Apart from these methods, chemical etching is another method for creating nanopores in which heavy ions are bombarded on the substrates to create tracks known as nucleation sites for etchants to react and form a pore99,100. The pore size is monitored and controlled through ionic current variations in time. Hydrogen fluoride (HF) and Potassium hydroxide (KOH) are commonly used reactants. This method results in a random pore distribution, and covering the substrate with a mask reduces the area of exposure to the reactants. Further, the use of this method with a common lithography process known as reactive ion etching (RIE) enables us to control the precise pore locations and their density and allows us to mass production of nanopore arrays101,102,103 (Fig. 4c).

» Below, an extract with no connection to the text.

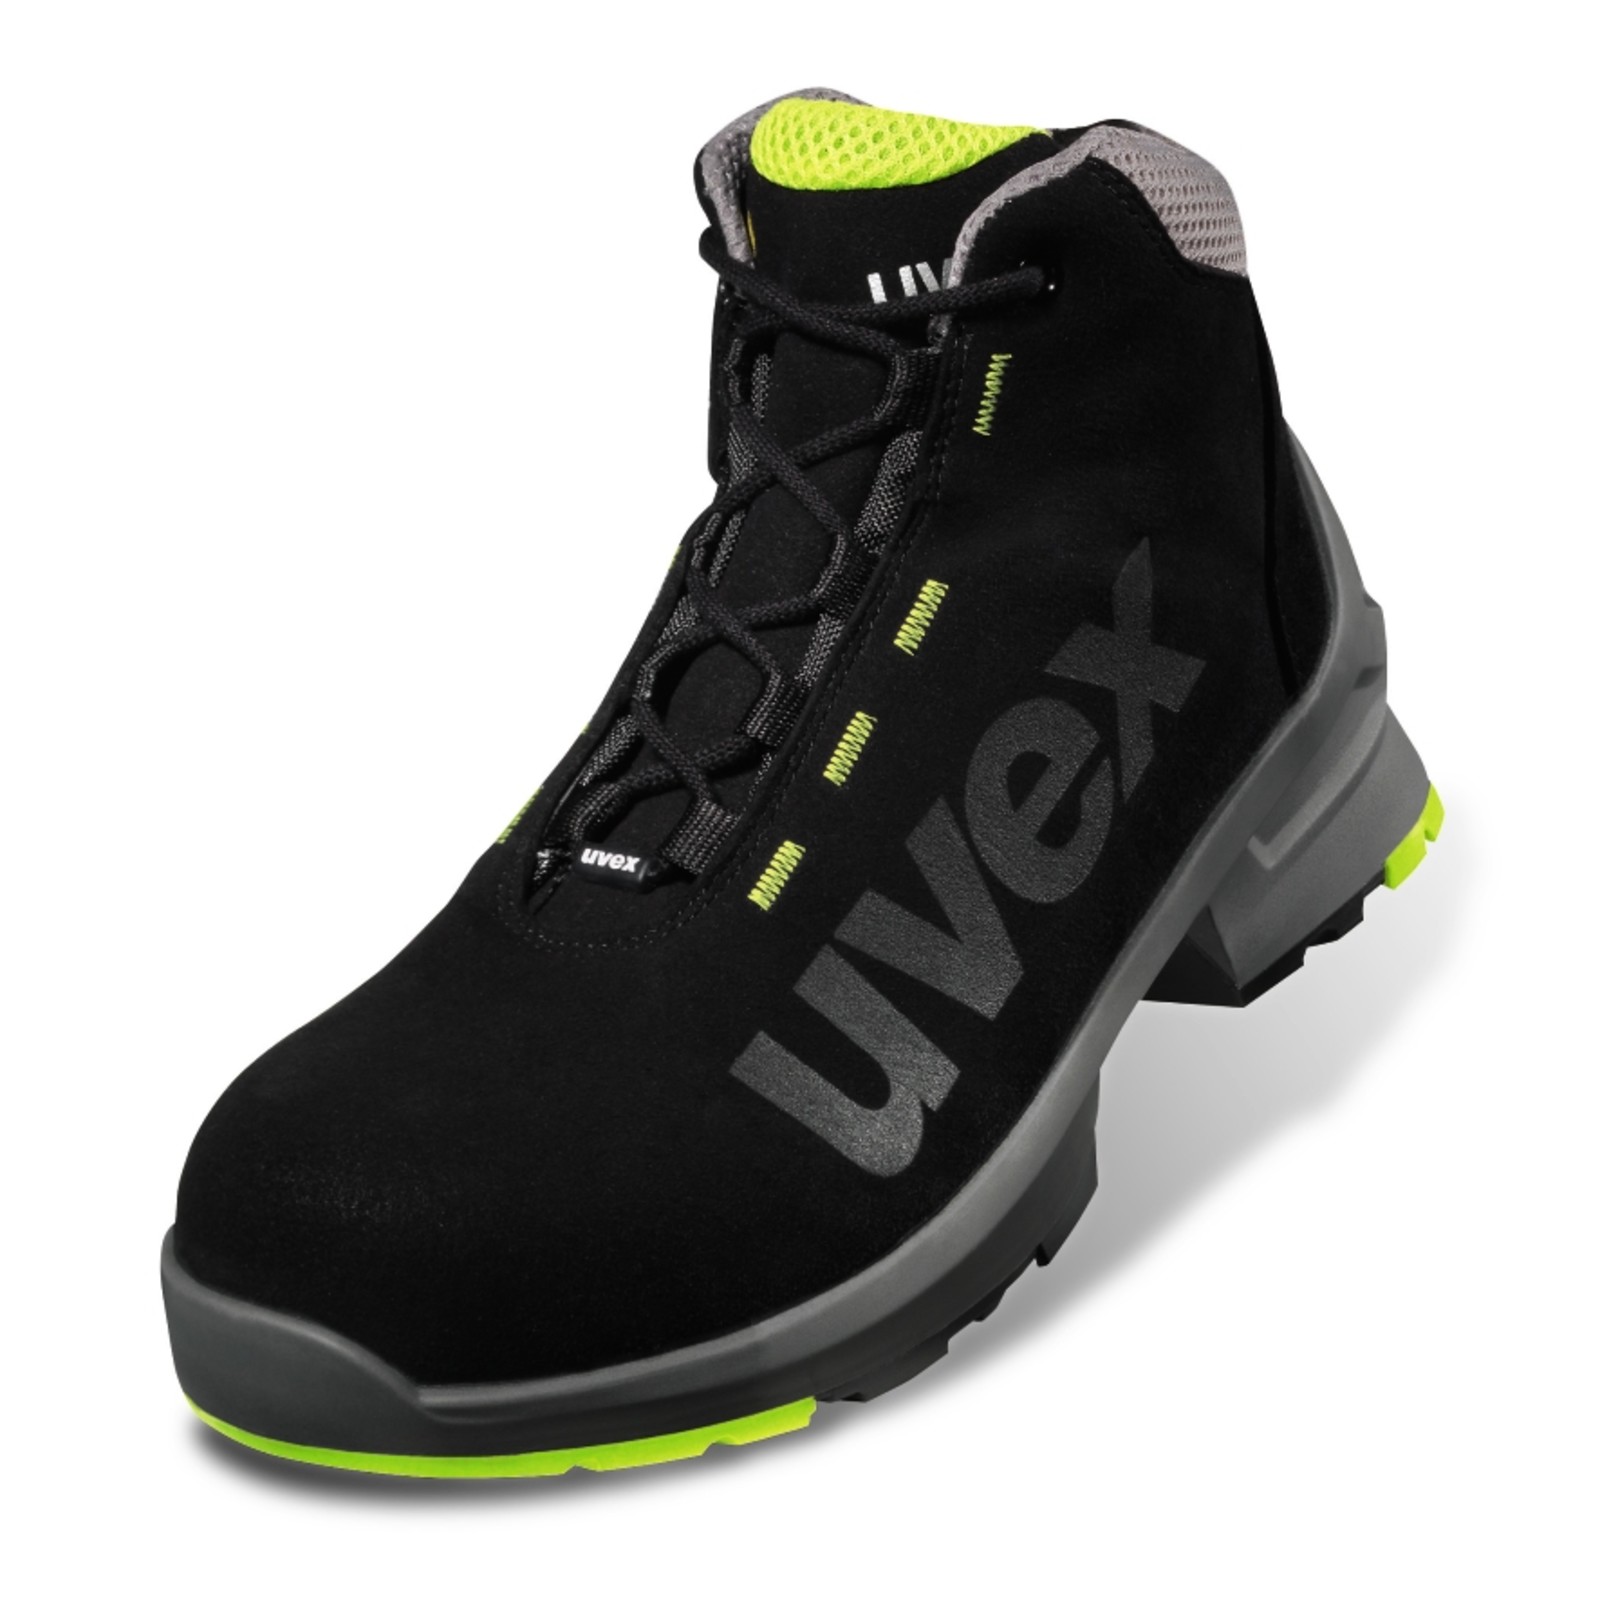 Pracovná obuv Uvex 1 S2 - veľkosť: 50, farba: čierna

Other interesting methods for nanopore creation are plasma etching and electrochemical reaction (ECR, also known as controlled dielectric breakdown). In these methods, the defects present in the 2D materials are enlarged to form a nanopore. In the plasma etching method, a high-temperature plasma is allowed to pass and expand through the defects present in the 2D materials104,105,106 (Fig. 4e). But, in the ECR, 2D material is kept inside the electrochemical cell containing KCl solution and a voltage is applied across it (Fig. 4f). Because of the applied voltage, ions are forced to enter through the defects107,108. The resulting pore size is monitored and controlled through ionic current measurements. From the measured ionic current, the nanopore conductance is calculated and fitted with the following analytical model to estimate the nanopore size109,110:

$$G=\kappa {\left(\frac{4{l}_{p}}{\pi {d}_{p}^{2}}+\frac{1}{{d}_{p}}\right)}^{-1}$$
(10)

where κ is the conductivity of the 1 M KCl solution (105 mS cm−1). The estimated pore size estimation using Eq. (10) is found to be in close agreement with the TEM measurements.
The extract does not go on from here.